National Geographic’s Diverse Images of "Love"

National Geographic's online photo-sharing platform Your Shot offers photographers, professional or otherwise, an opportunity to submit their photos for a chance to share their work with a wide audience. Essentially, the world renowned publication schedules multiple assignments and turns the spotlight on its members, inviting them to participate.

Starting today, a brand new assignment has been launched titled Love Snap that calls on photographers to capture what “love” looks like, whether it's the natural appearance of a heart-shaped landscape, the joyous locking of eyes between a mother and child, a candid shot of a couple on their wedding day, or the embrace of vacationing lovers.

Each image submission in this particular assignment is carefully curated by a three-person team of editors–National Geographic photographers Lynn Johnson and Maggie Steber, and Senior Photo Editor for National Geographic Magazine, Elizabeth Krist. Love Snap is currently accepting photos through March 7, 2014.

Top photo: Photograph and caption by Danielle Mussman, National Geographic Your Shot
On the banks of the Ohio River, the Kentucky side, I watched as the shifting ice, momentarily formed a heart ringed in blue.

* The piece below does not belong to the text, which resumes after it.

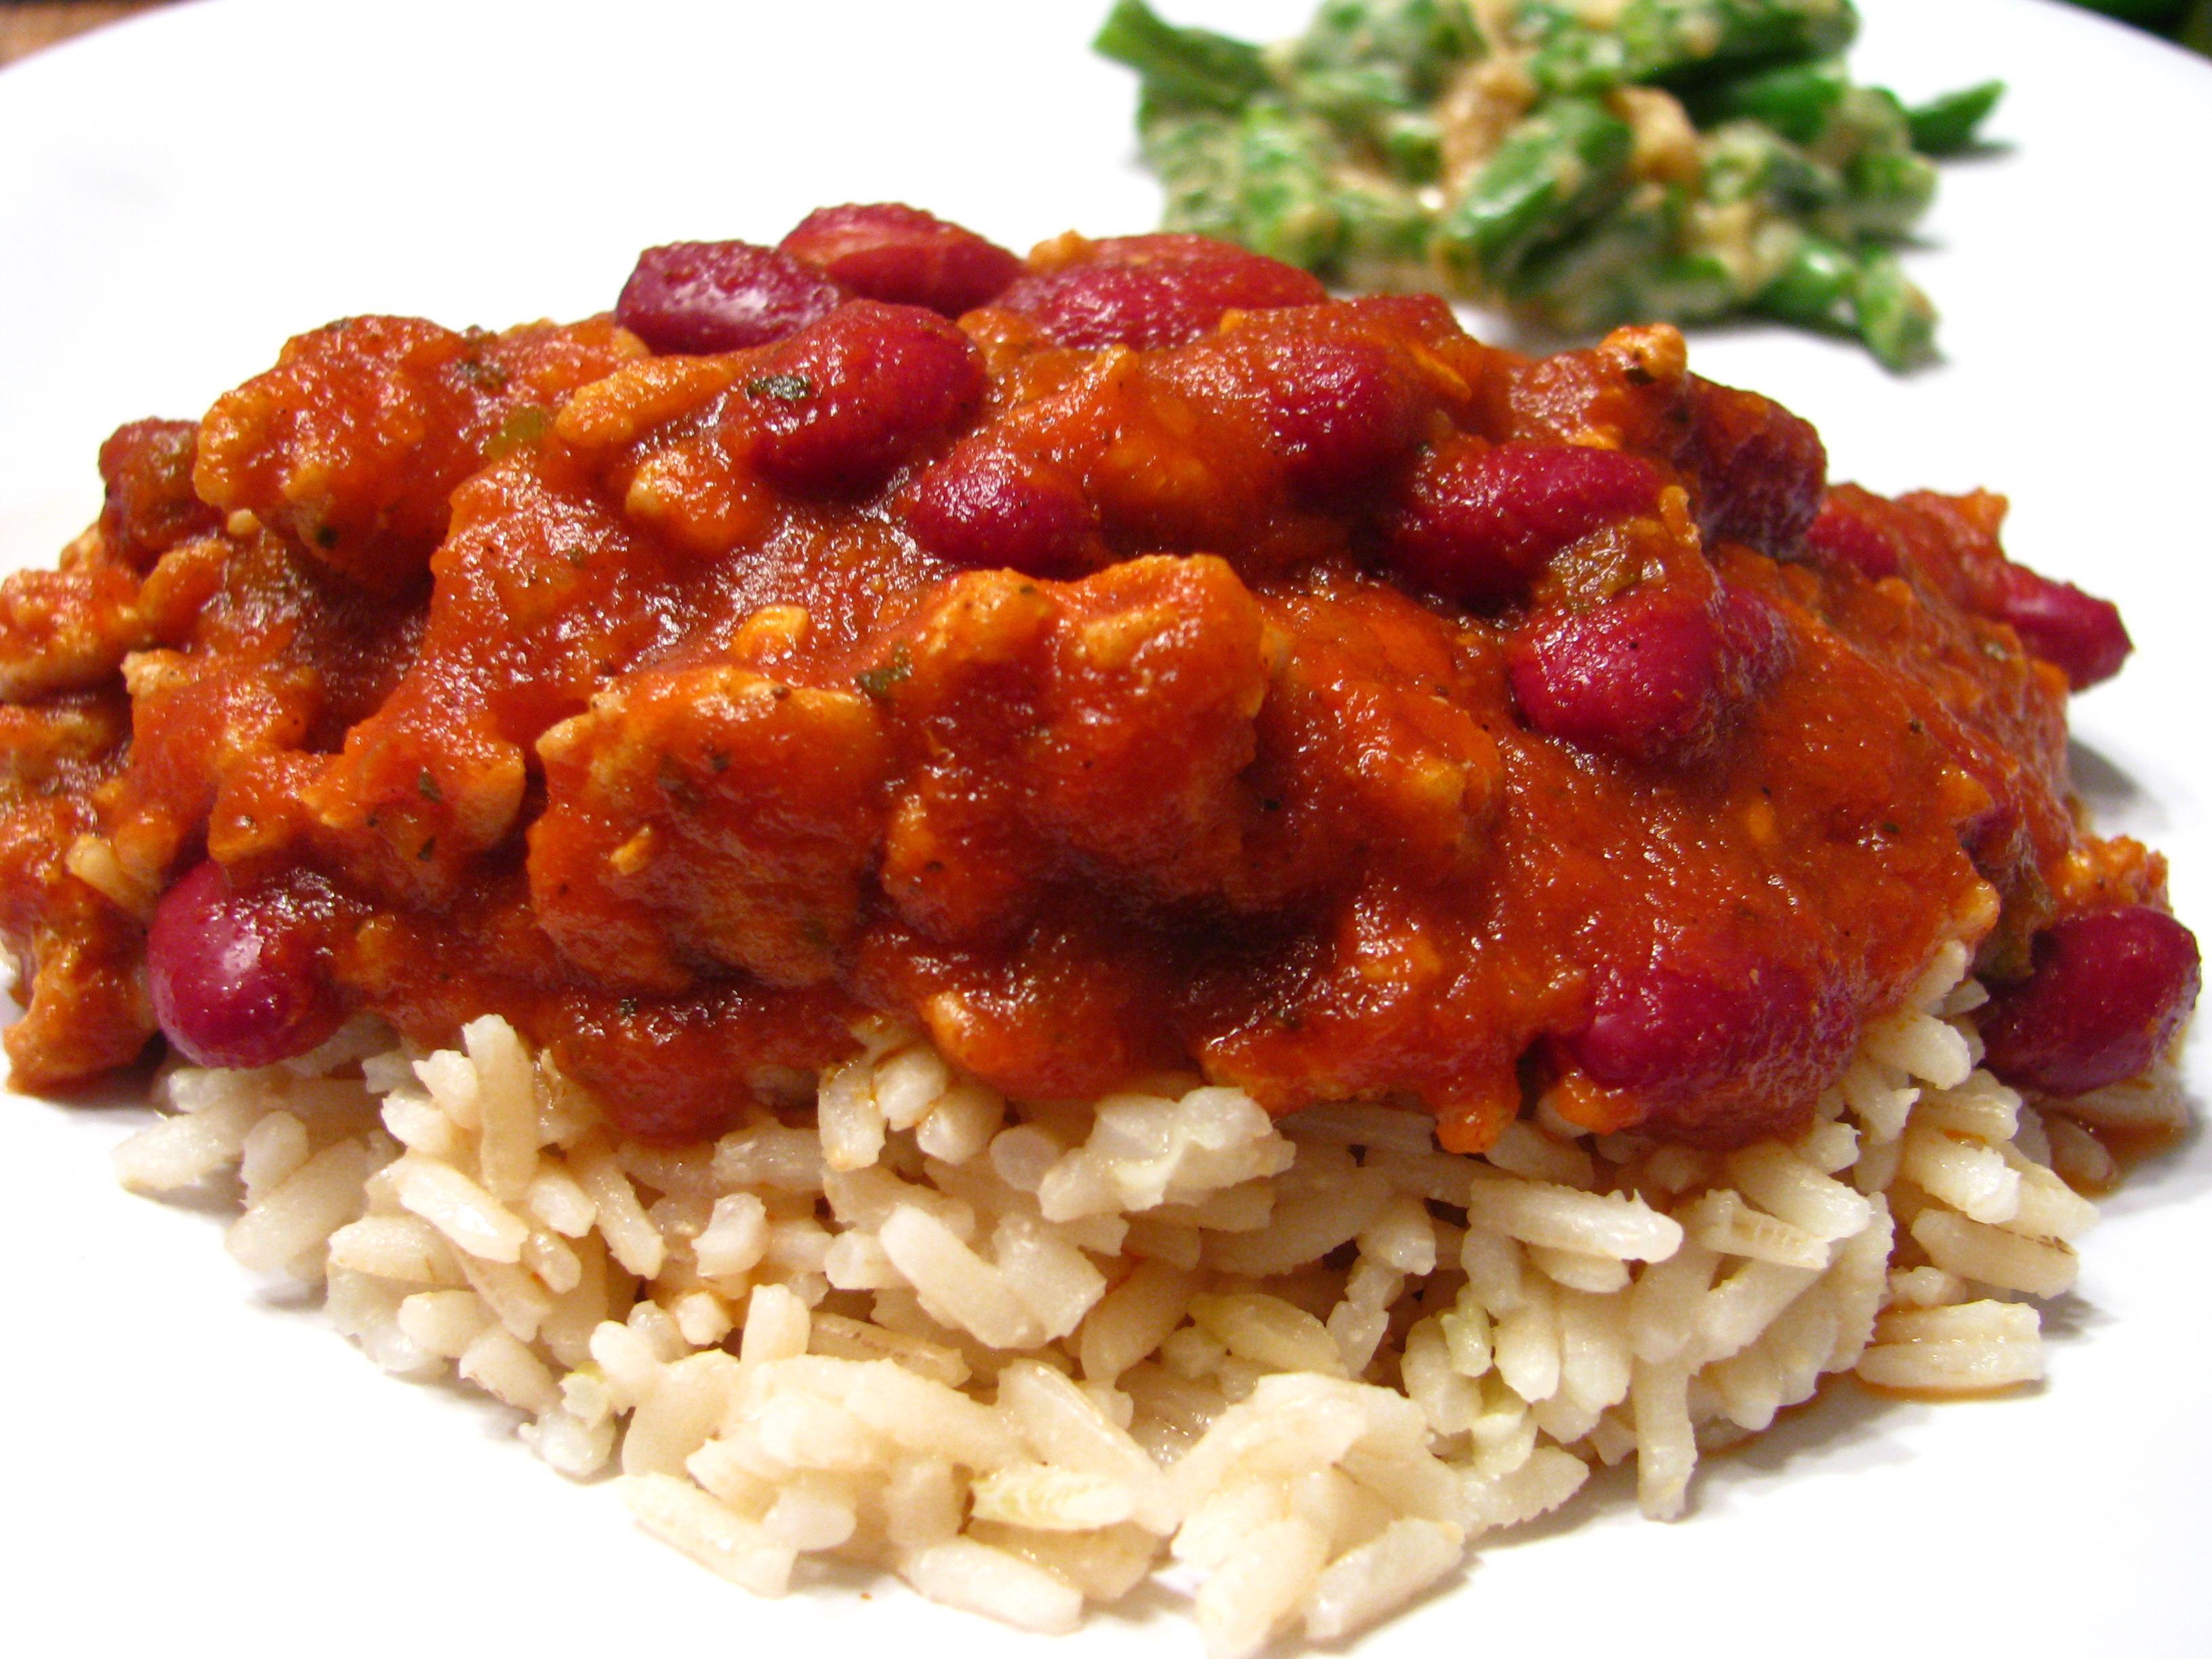 Ground Chicken Chili  15 Best Ground Chicken Recipes And Ideas Food

Photograph and caption by Andrey Antov, National Geographic Your Shot
Two butterflies mating.

Photograph and caption by Boryana Katsarova, National Geographic Your Shot
I was walking in the famous neighborhood of Fatih, Istanbul, Turkey when I saw an “Angel” in the middle of the street. The man was waiting for somebody who never shows up.

Photograph and caption by Brenda Sutton, National Geographic Your Shot
A group of children watch as a walrus performs and then waves to them.

Photograph and caption by Hadi Asgari, National Geographic Your Shot
A picture of my grandma and my young cousin

Photograph and caption by Drey M., National Geographic Your Shot
What's more precious than capturing the love of mother and children in one shot? Priceless moment.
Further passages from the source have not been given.